#### Exercise goal
Begin the copy at the line containing "Drátový rezistor Widap" and end it at the final line of the material below, reproducing each line exactly, without images.
-- Dataset extract follows --
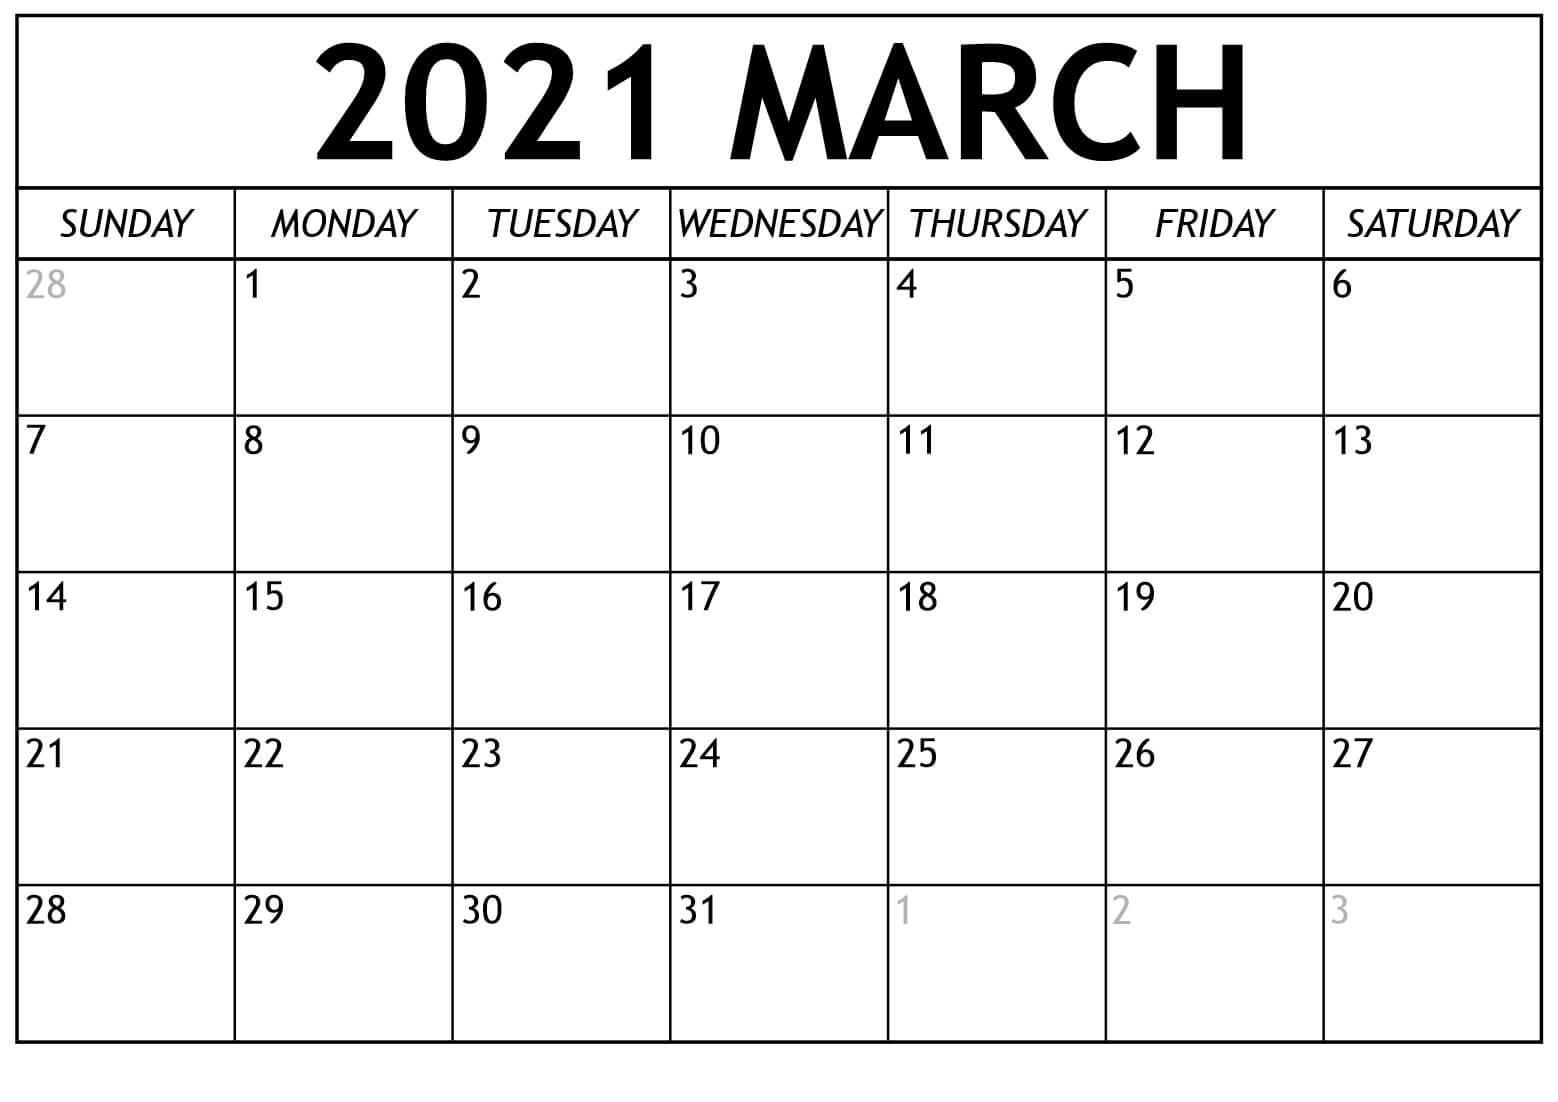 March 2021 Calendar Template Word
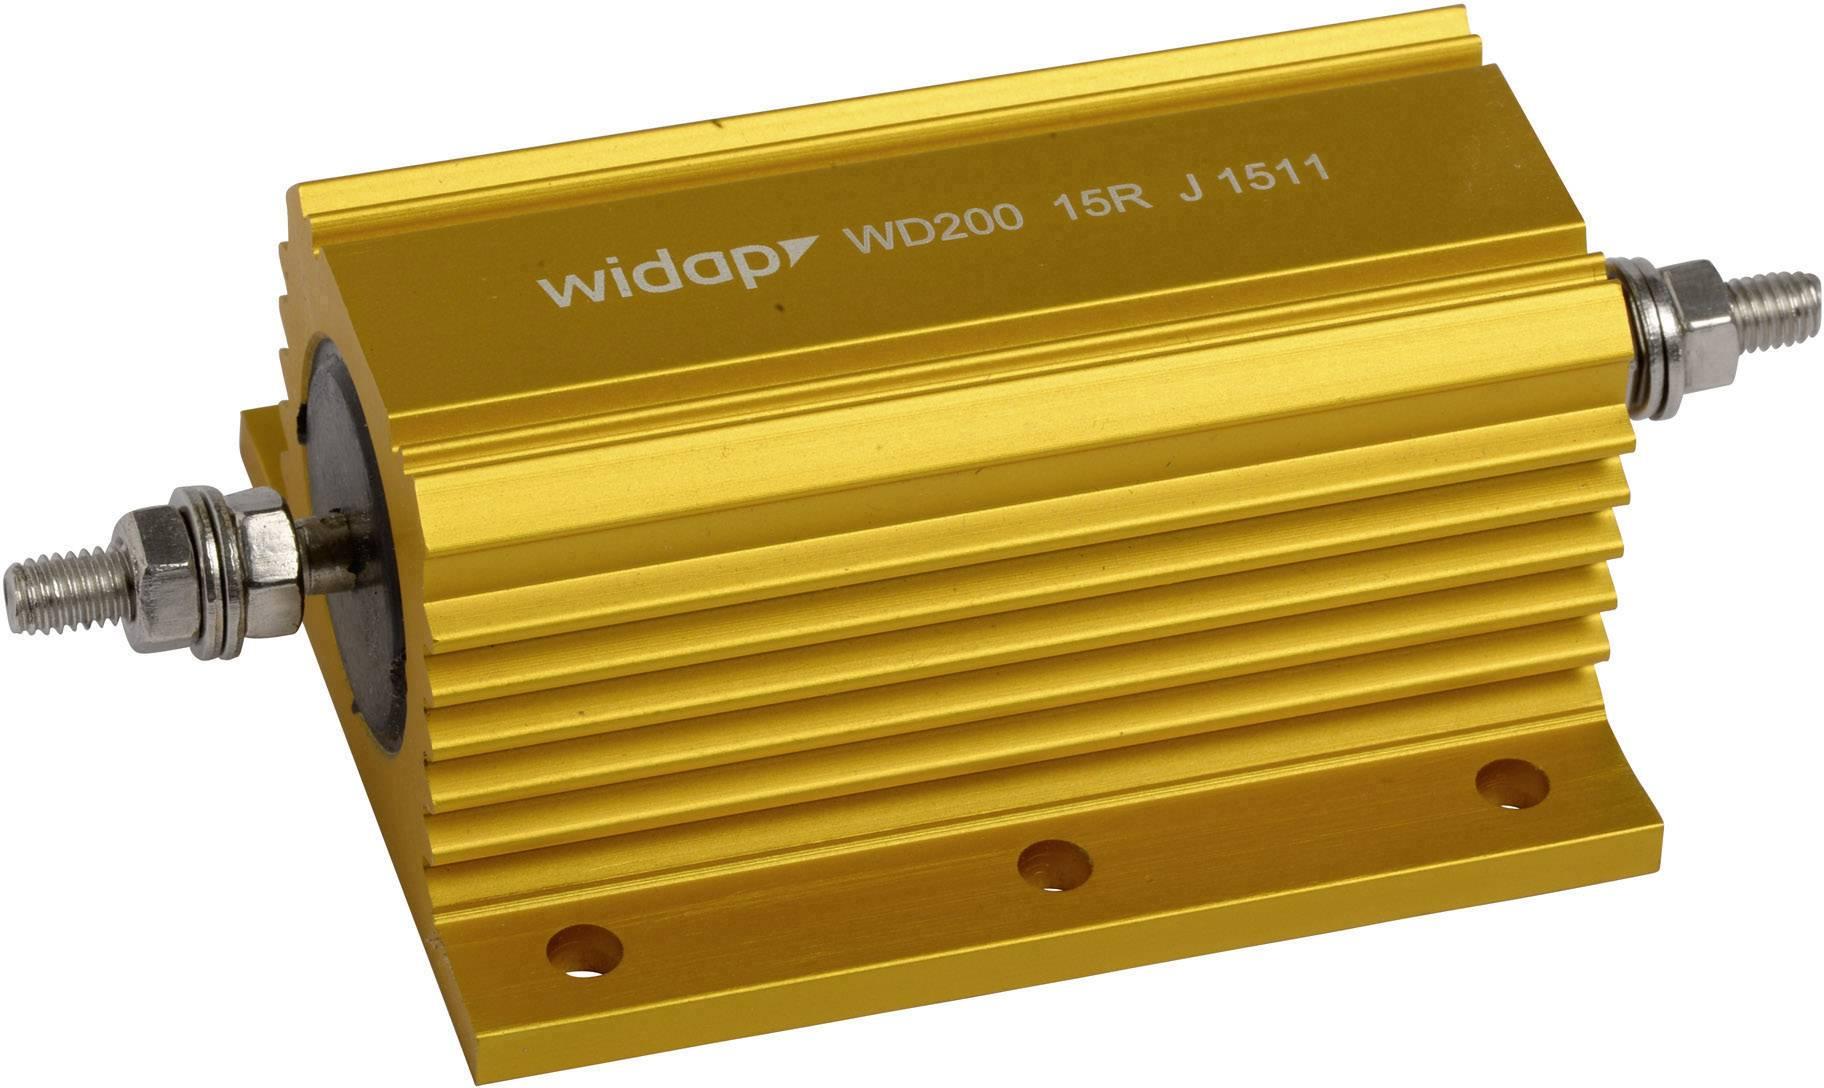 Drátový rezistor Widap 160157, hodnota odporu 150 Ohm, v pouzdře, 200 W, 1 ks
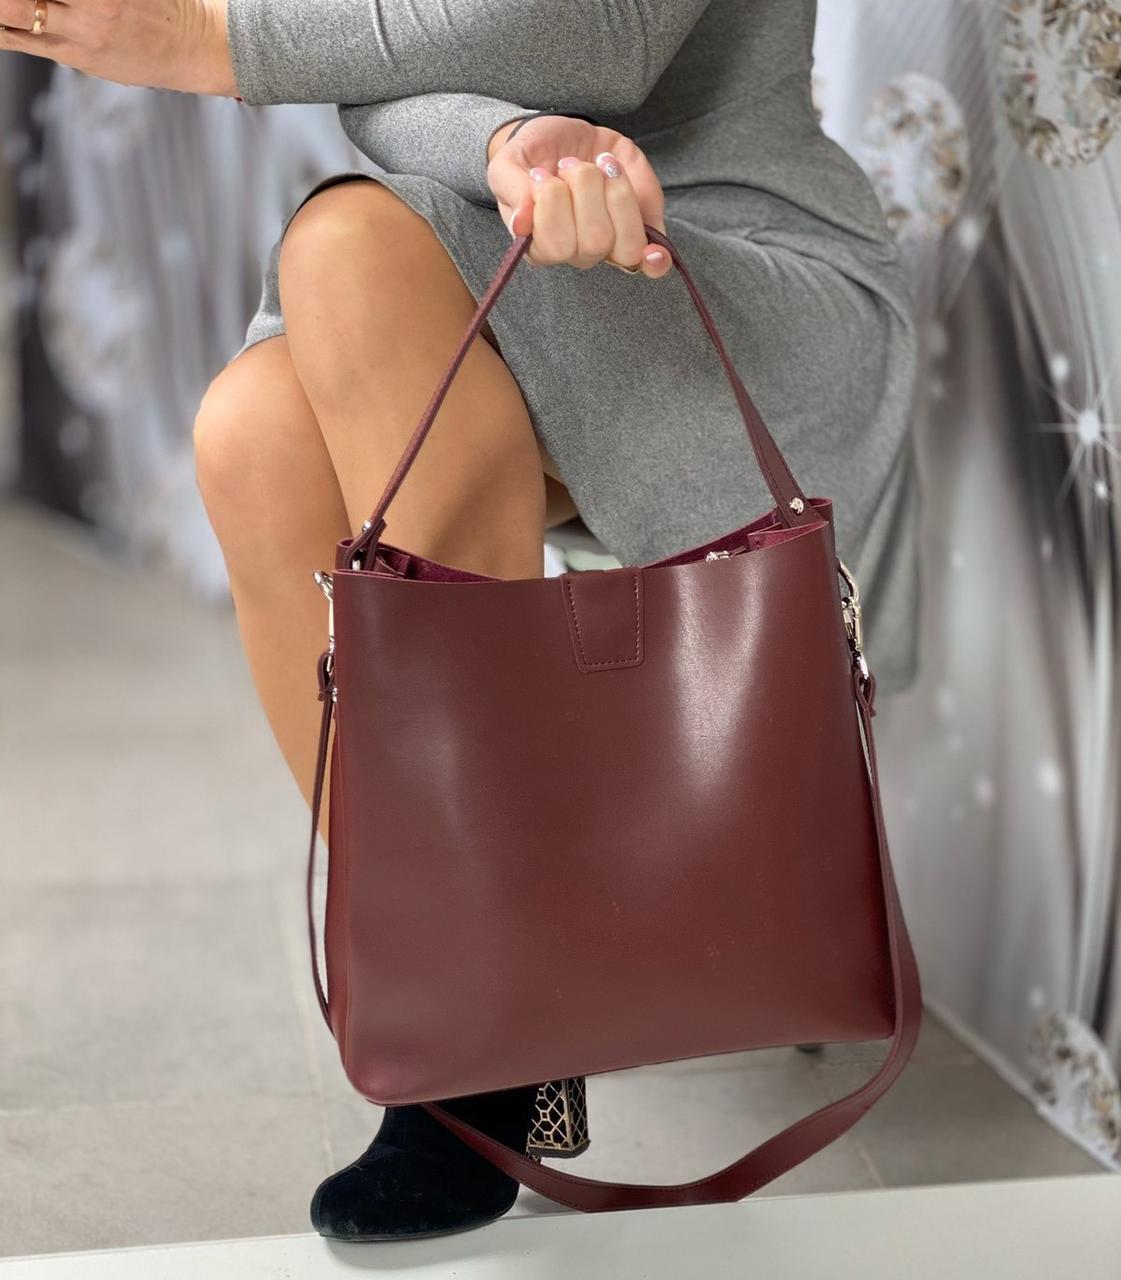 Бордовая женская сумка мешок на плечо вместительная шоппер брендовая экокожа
-- Dataset extract concluded --
#### Answer box
 Drátový rezistor Widap 160157, hodnota odporu 150 Ohm, v pouzdře, 200 W, 1 ks
 Бордовая женская сумка мешок на плечо вместительная шоппер брендовая экокожа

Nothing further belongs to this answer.